== ASSIGNMENT ==
Return the listing verbatim, images left out.

== AVAILABLE DATA ==
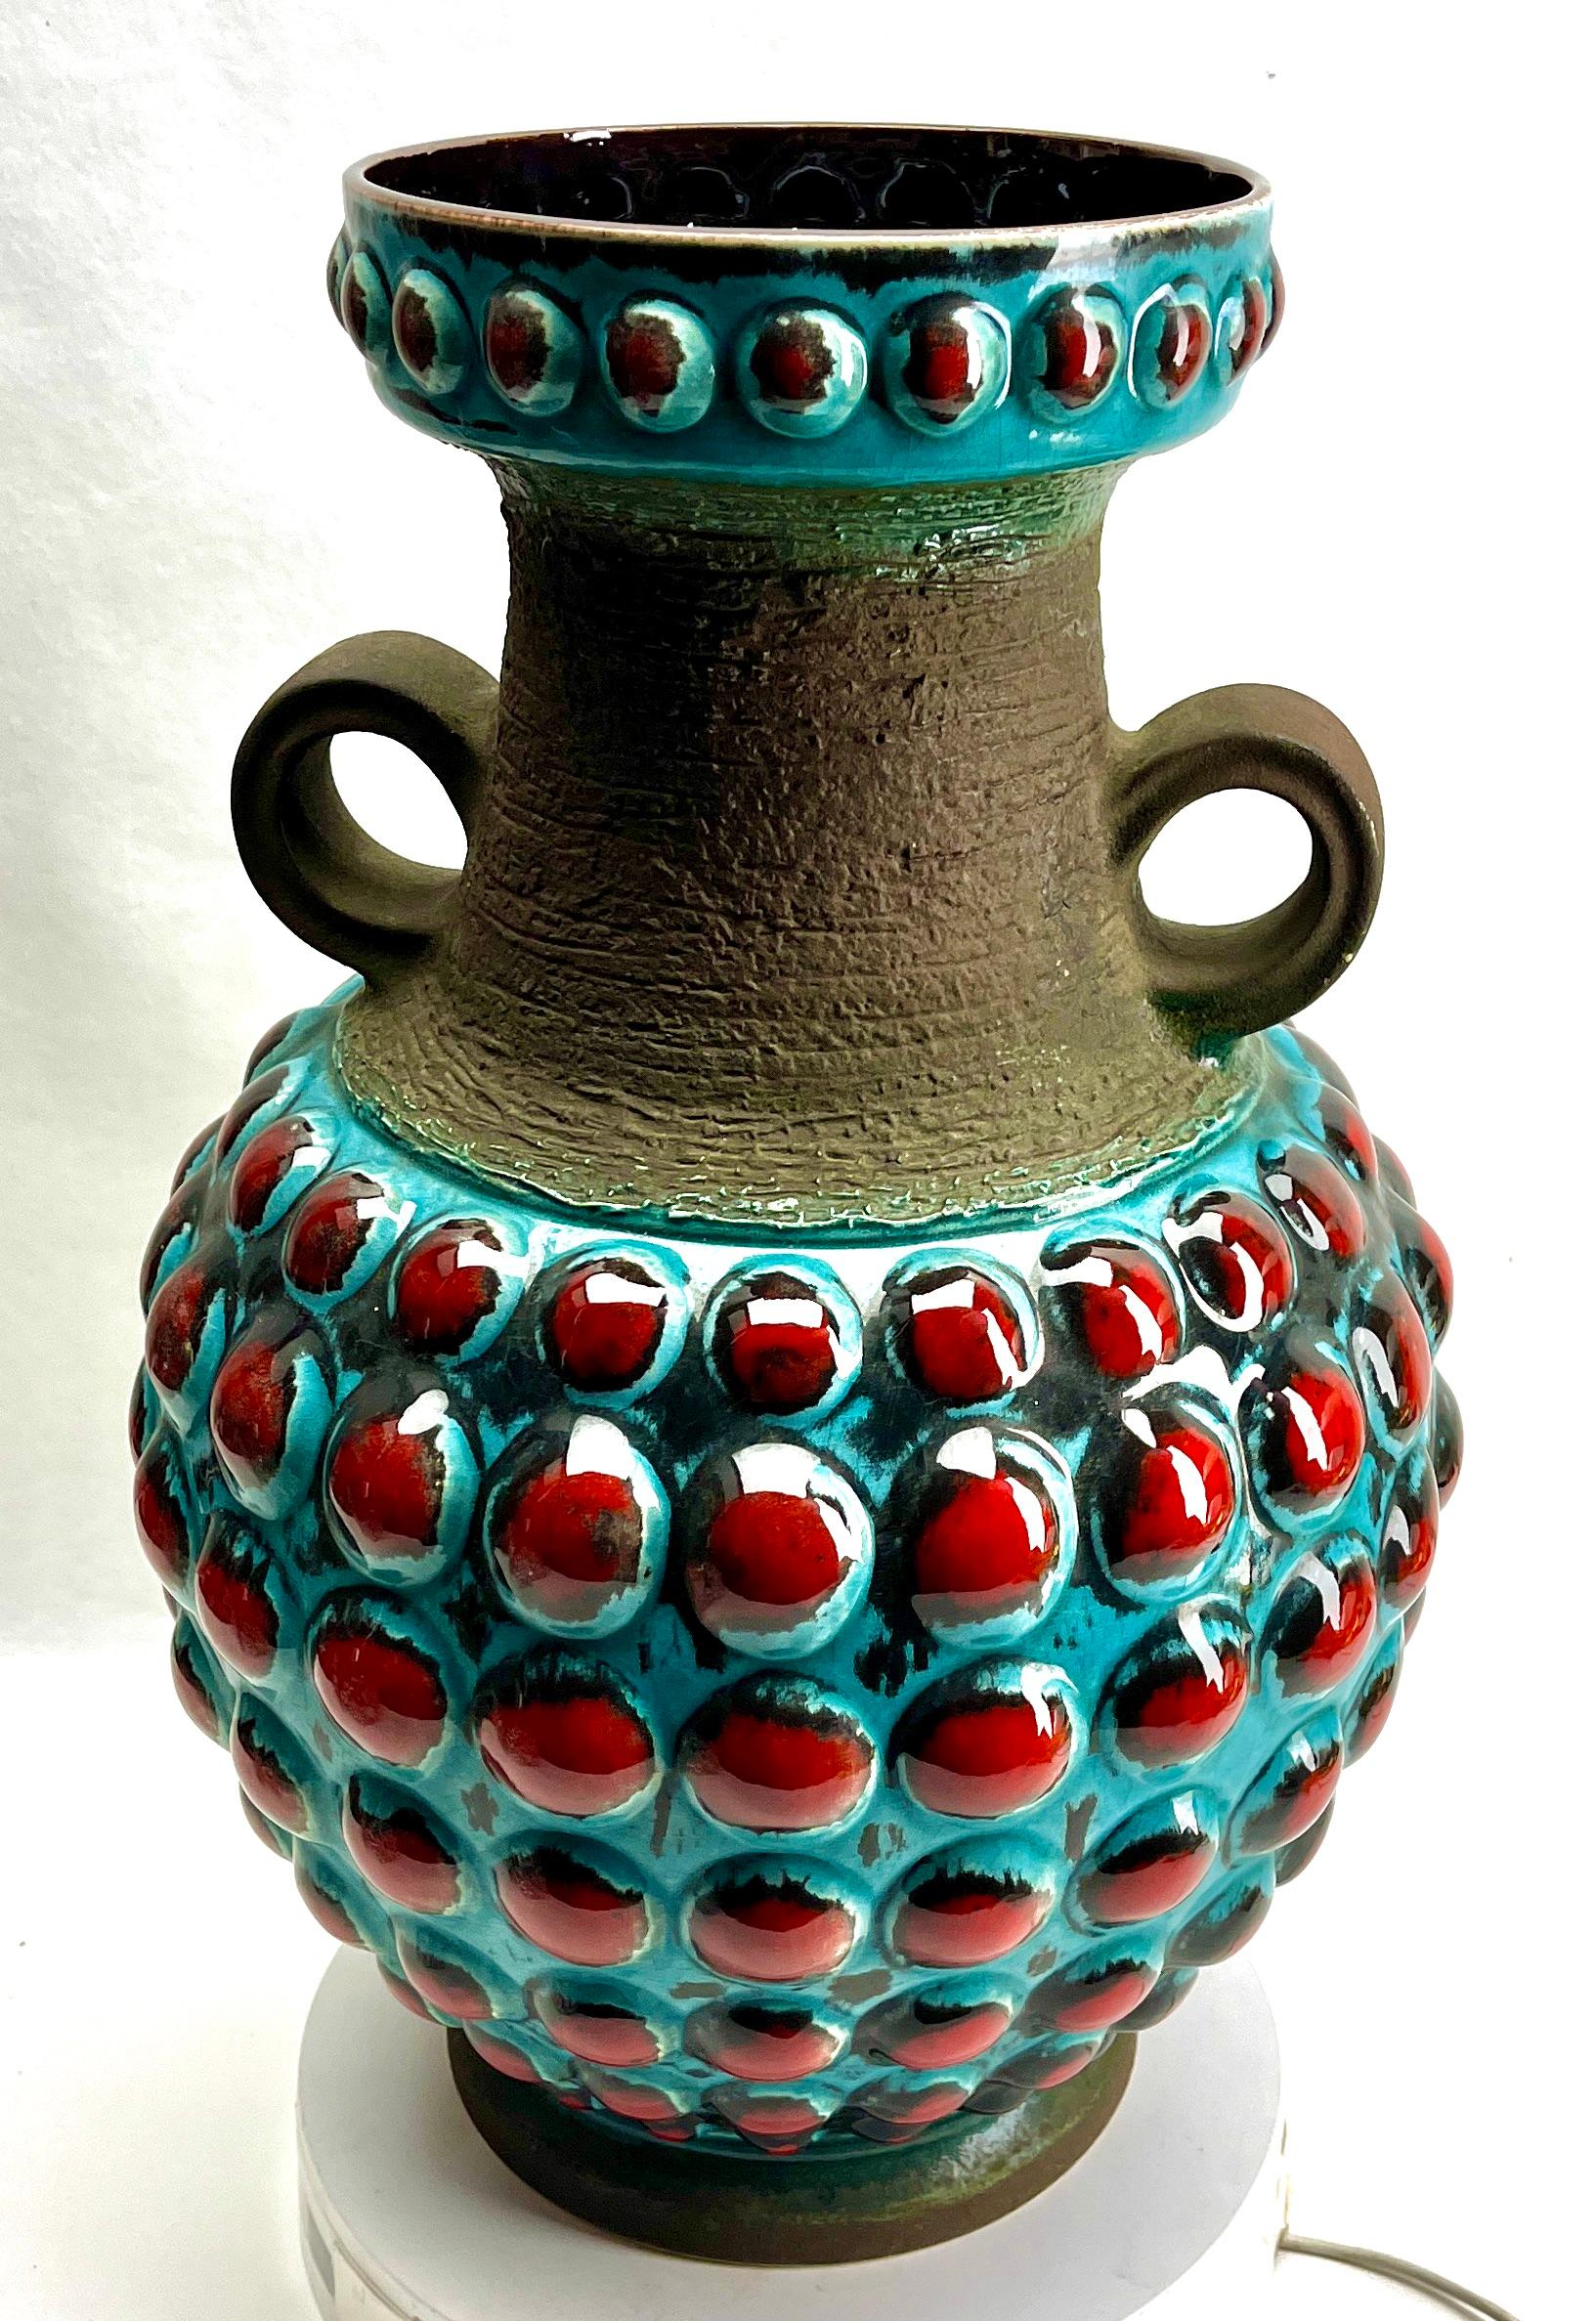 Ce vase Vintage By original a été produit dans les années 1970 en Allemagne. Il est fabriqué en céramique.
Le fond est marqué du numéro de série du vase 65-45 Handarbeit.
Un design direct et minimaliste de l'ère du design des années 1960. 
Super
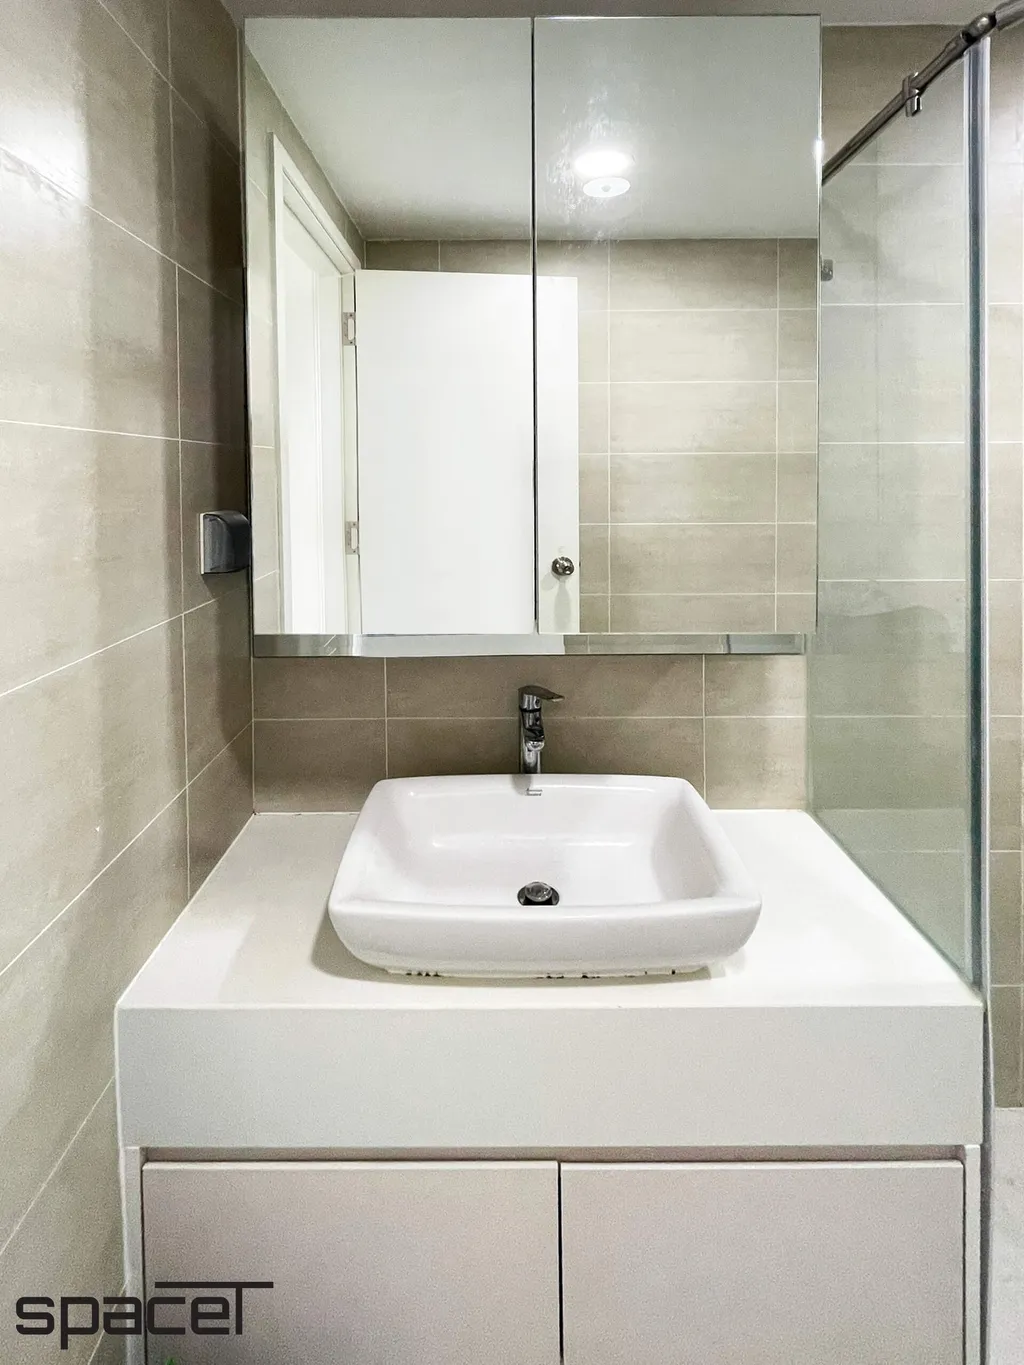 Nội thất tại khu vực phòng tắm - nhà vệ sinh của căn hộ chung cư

== THE ANSWER ==
 Ce vase Vintage By original a été produit dans les années 1970 en Allemagne. Il est fabriqué en céramique.
Le fond est marqué du numéro de série du vase 65-45 Handarbeit.
Un design direct et minimaliste de l'ère du design des années 1960. 
Super
 Nội thất tại khu vực phòng tắm - nhà vệ sinh của căn hộ chung cư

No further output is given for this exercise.